Sadly for Vicky, as Feo grew older it became increasingly apparent that she had inherited many of her mother’s less attractive characteristics. The similarity in their temperaments made the relationship between Charlotte and her daughter even stormier than that between Charlotte and Vicky. In 1898, eighteen-year-old Feo announced that she was engaged to be married to man fifteen years her senior. Charlotte, forgetting that she had treated her own parents in an identical manner, was outraged that she had not been consulted. Virtually disowning her daughter, she turned her malicious tongue upon the unfortunate girl with greater venom than ever.

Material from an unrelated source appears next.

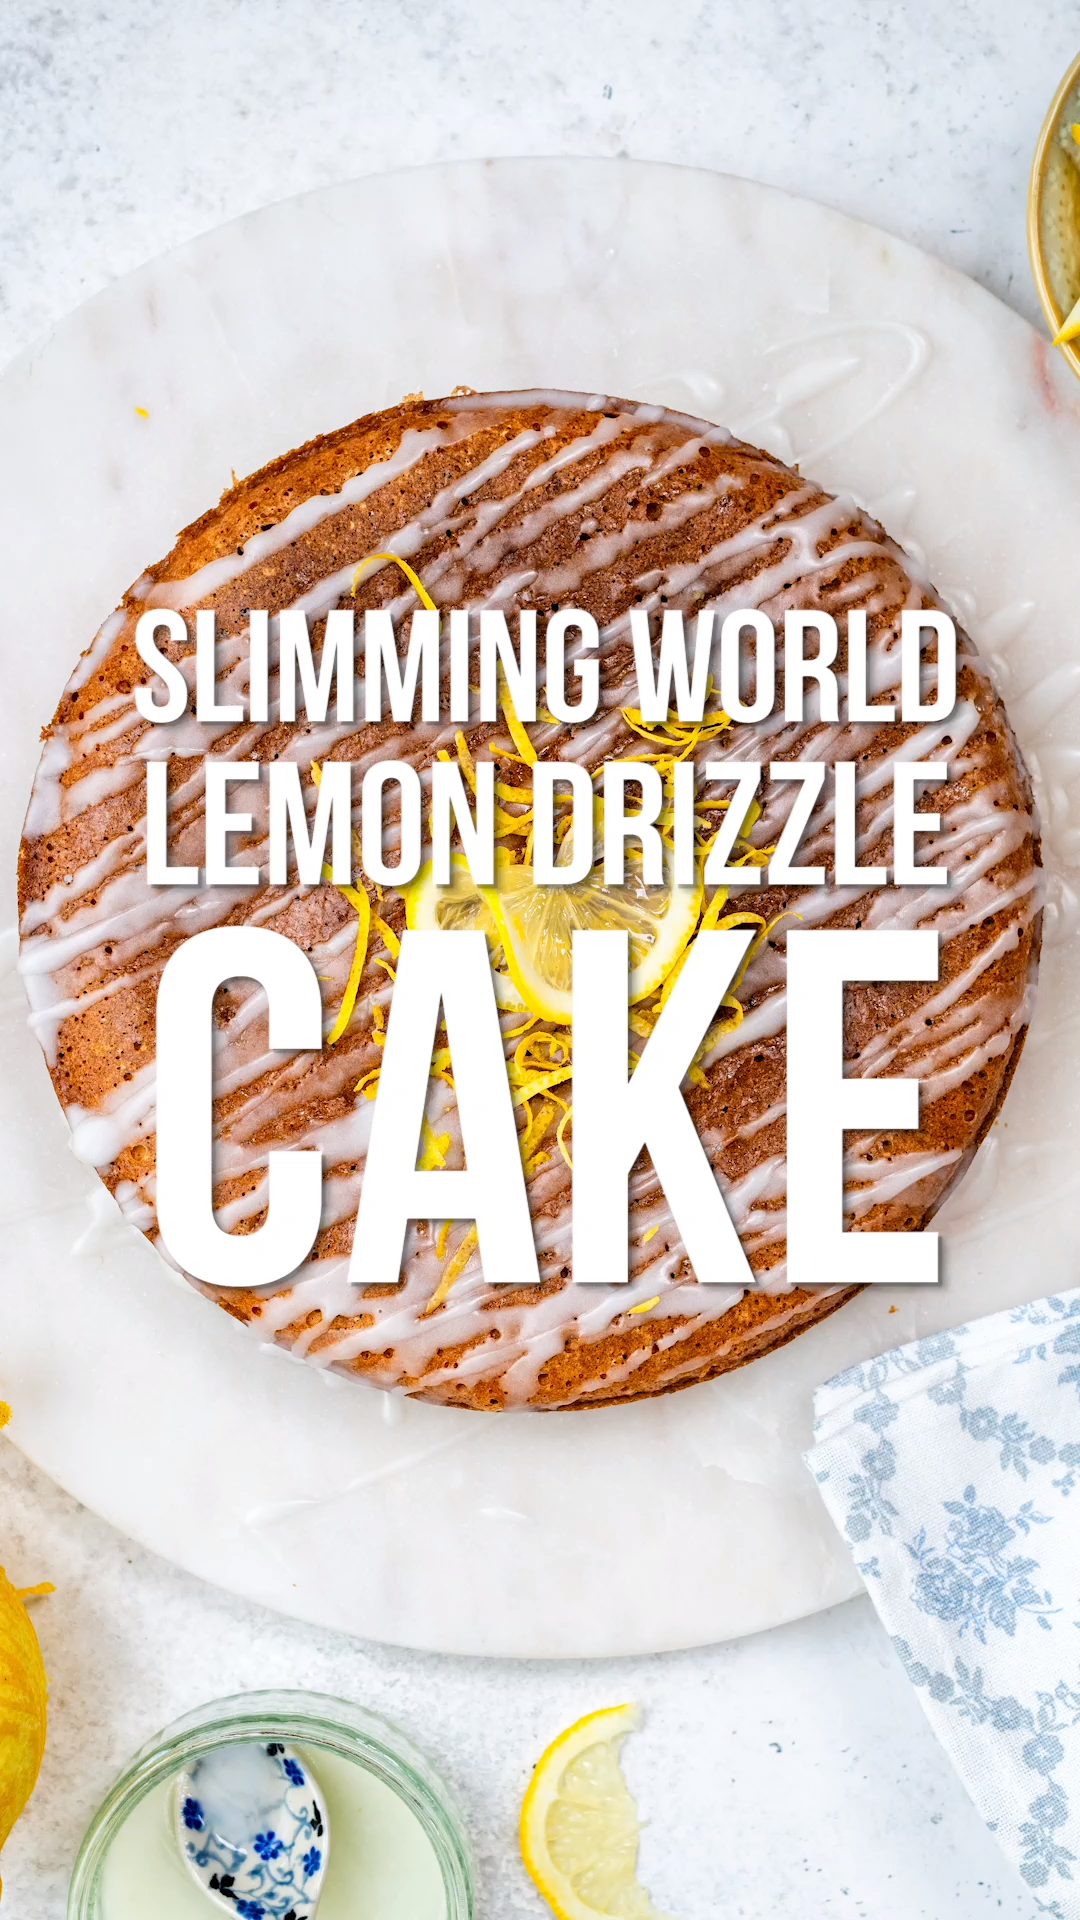 17 cake Healthy slimming world ideas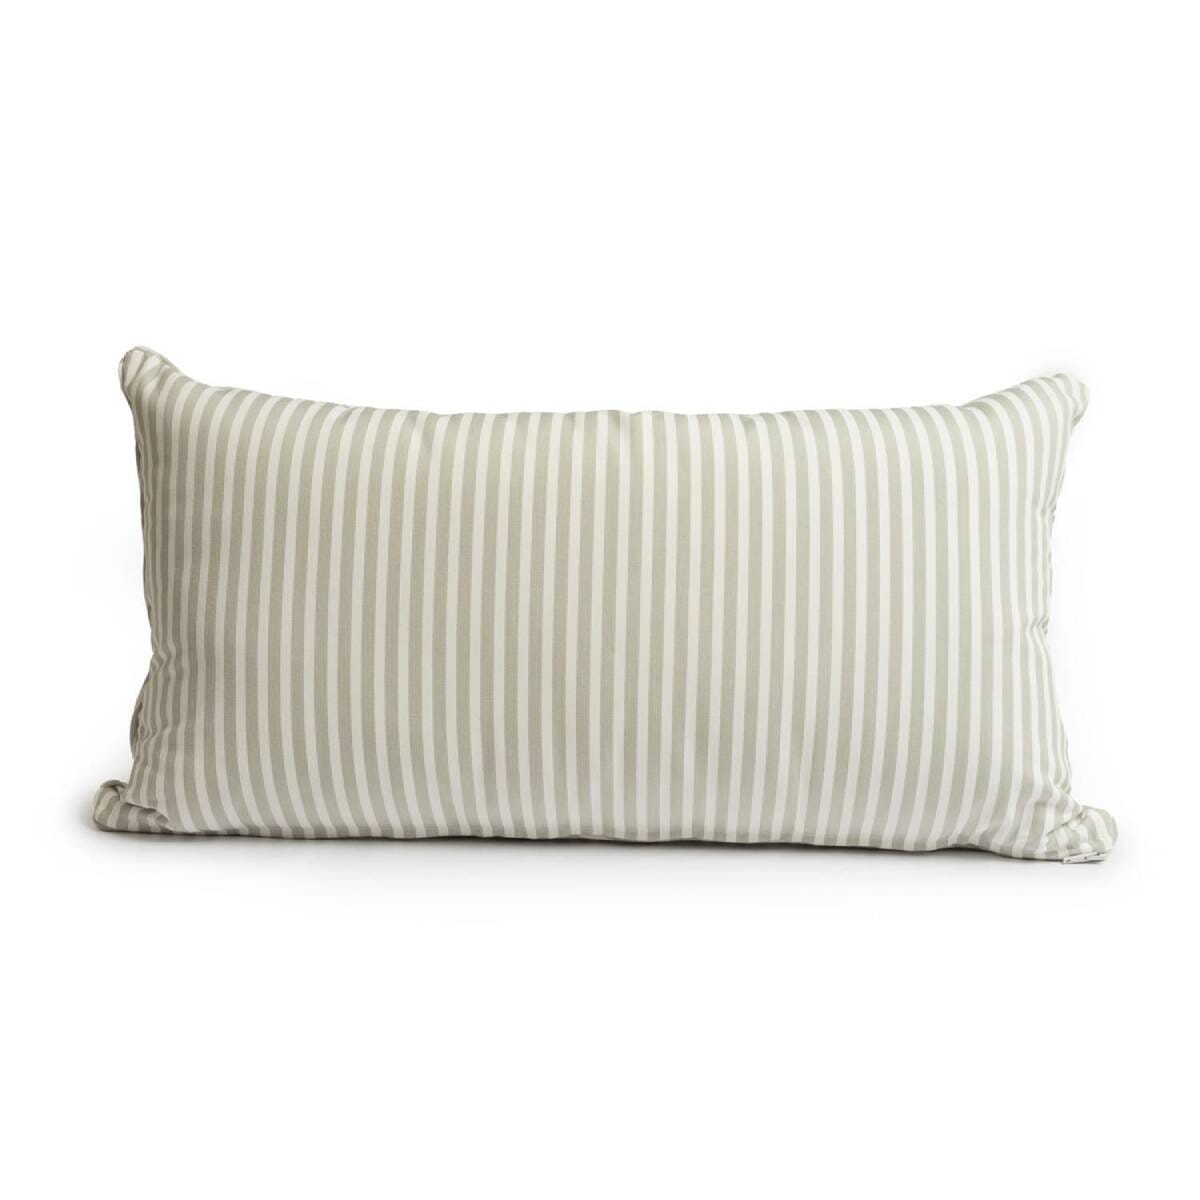 Studio image of sage rectangle throw pillow

When Feo fell ill with a series of mystery symptoms, Charlotte even spread the rumour that she had contracted venereal disease from her husband. In response Feo refused to visit her for several years.
The true cause of Feo’s illness was never fully recognised or disclosed during her lifetime but recent research by John C.G. Rohl, Martin Warren and David Hunt shows that both she and Charlotte were suffering from the hereditary malady, porphyria•. The diagnosis would account for much of Charlotte’s bizarre behaviour and consistently poor health and perhaps excuse some of her more outrageous activities.
Surprisingly, perhaps, in spite of Charlotte’s difficult temperament and often ‘unaccountable’ behaviour, her marriage was not the disaster that some members of the family had anticipated. Her husband, Bernhard shared her enjoyment of the life among the ‘fast set’ and together they zipped across Europe as leading lights in the fashionable world of high society. Whether or not there was any truth in her boasts of her numerous lovers, Bernhard cared for her during her increasingly frequent bouts of illness and, unlike many of her more stable cousins, there is no evidence to suggest that she ever had cause to regret her decision to marry so young.